Hi,

I want to extract certain words from a sentence input by the user. For e.g., the user enters "Jones born in 1967" and the program will extract the words 'Jones, born and 1967' but will not extract the word 'in' and will print the extracted words out. Is there anyway I can do so? Please guide me.

Thanks

Recommended Answers

All 21 Replies

How much have you done so far?
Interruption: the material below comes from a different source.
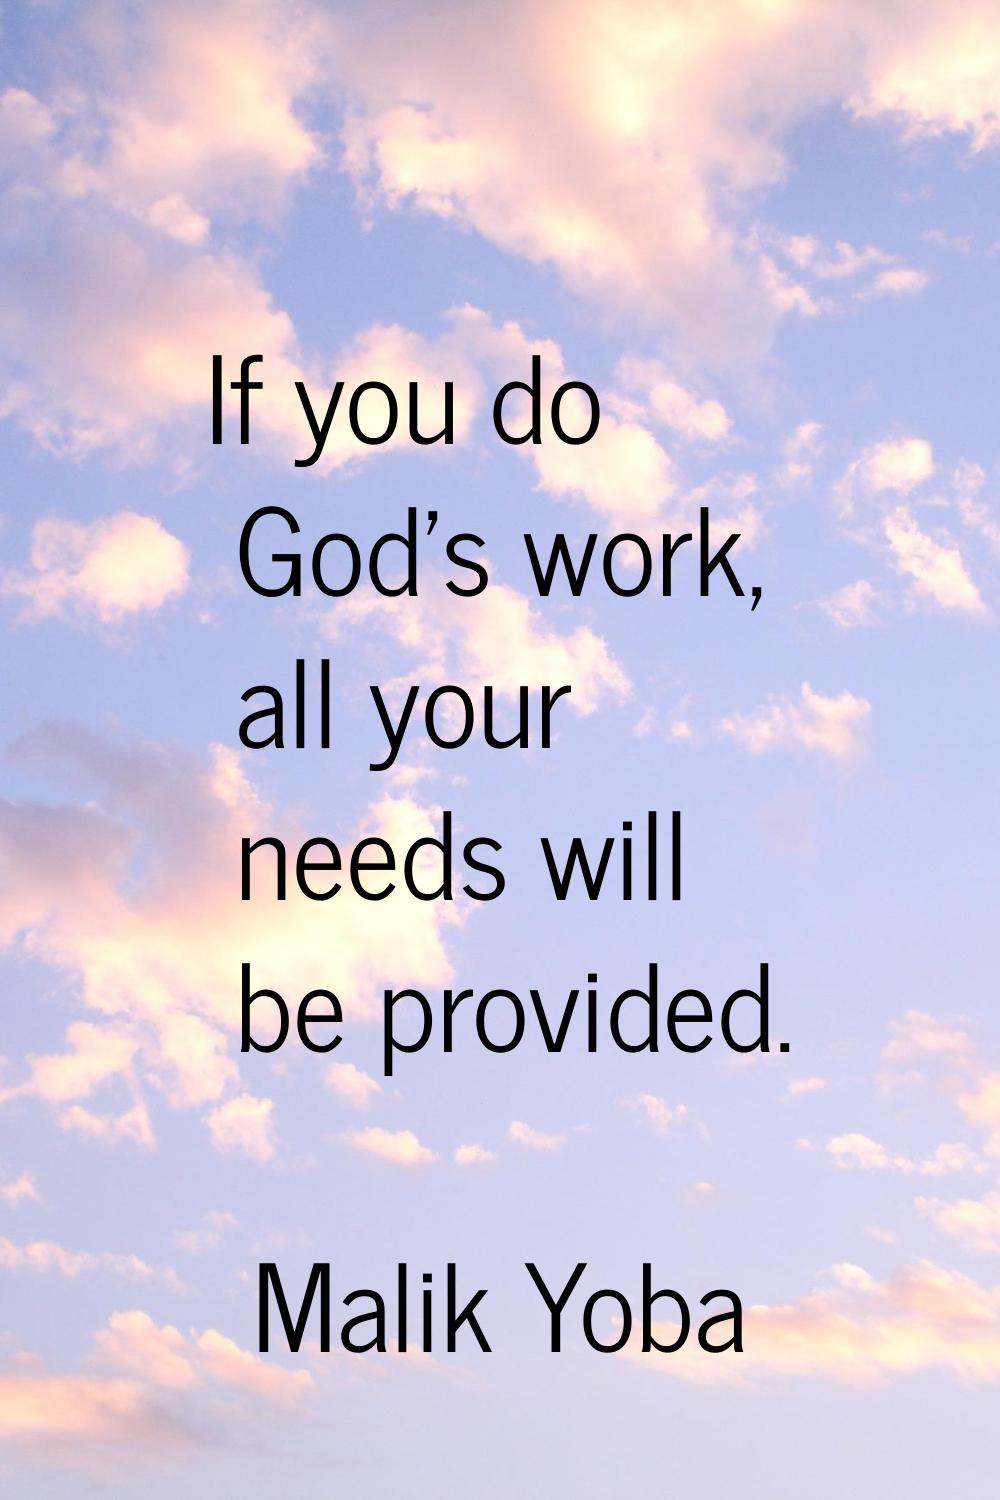 If you do God's work, all your needs will be provided.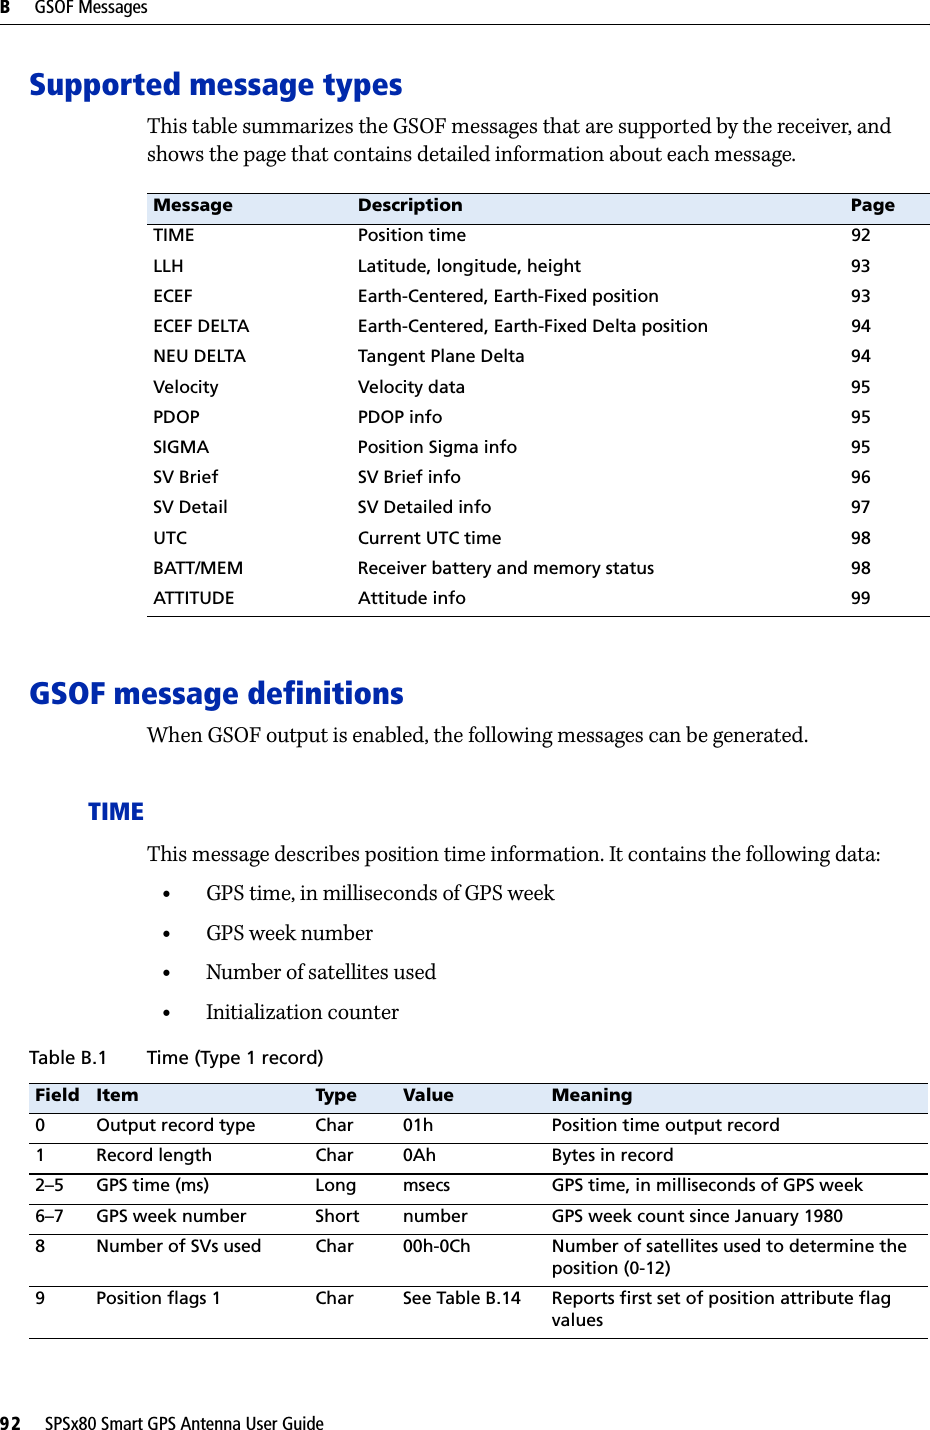 B     GSOF Messages92     SPSx80 Smart GPS Antenna User GuideSupported message typesThis table summarizes the GSOF messages that are supported by the receiver, and shows the page that contains detailed information about each message.GSOF message definitionsWhen GSOF output is enabled, the following messages can be generated.TIMEThis message describes position time information. It contains the following data:•GPS time, in milliseconds of GPS week•GPS week number•Number of satellites used•Initialization counterMessage  Description PageTIME Position time 92LLH Latitude, longitude, height 93ECEF Earth-Centered, Earth-Fixed position 93ECEF DELTA Earth-Centered, Earth-Fixed Delta position 94NEU DELTA Tangent Plane Delta 94Velocity Velocity data 95PDOP PDOP info 95SIGMA Position Sigma info 95SV Brief SV Brief info 96SV Detail SV Detailed info 97UTC Current UTC time 98BATT/MEM Receiver battery and memory status 98ATTITUDE Attitude info 99Table B.1 Time (Type 1 record)Field Item Type Value Meaning0 Output record type Char 01h Position time output record1 Record length Char 0Ah Bytes in record2–5 GPS time (ms) Long msecs GPS time, in milliseconds of GPS week6–7 GPS week number Short number GPS week count since January 19808 Number of SVs used Char 00h-0Ch Number of satellites used to determine the position (0-12)9 Position flags 1 Char See Table B.14 Reports first set of position attribute flag values

Have you tried to put together an algorithm, even if just in pseudocode, for what you are trying to accomplish and how you might think to achieve it?

try this out

Dim InputText As String = "Jack born in, 1987"
        Dim Separators() = New Char() {" "c, ","c} ' u can add more Separators
        Dim Words = InputText.Split(Separators)
        'filter words
        Words = Words.Where(Function(W) W.Trim.Length > 1 AndAlso _
                                        W.Equals("in", StringComparison.OrdinalIgnoreCase) _
                                        ).ToArray

        For Each Word In Words
            MsgBox(Word)
        Next

hope this helps

Thanks vbnetskywalker for the code.

I have a little problem here which I forgotten to mention. What if there are other sentences that users enter such as "President Obama is from US", "Today is Friday", etc. Do I have to change the input text and the not extracted words each time?

sure ..............

1 - for the input : I don't know where you get the input from, it might be from a TextBox , InputBox, File, ........etc

2 - for the not extracted words : I don't know what kind of words you don't want to extract , so you have to mention them manually

and after all.......... I don't know that exactly you're trying to do
if you provide more info on your whole app, that would help

Hi vbnetskywalker,

thanks again. Here is the details. I have created a database in Ms SQL Server with the clues and patterns that I want to extract, e.g. clues are those words like 'Lake', 'Mount', 'Co', 'Company', 'Corp', etc. The patterns are words like 'born in', 'company such as', 'located in', etc. But I want to discard those words like 'such as', 'in', 'a', 'an', etc.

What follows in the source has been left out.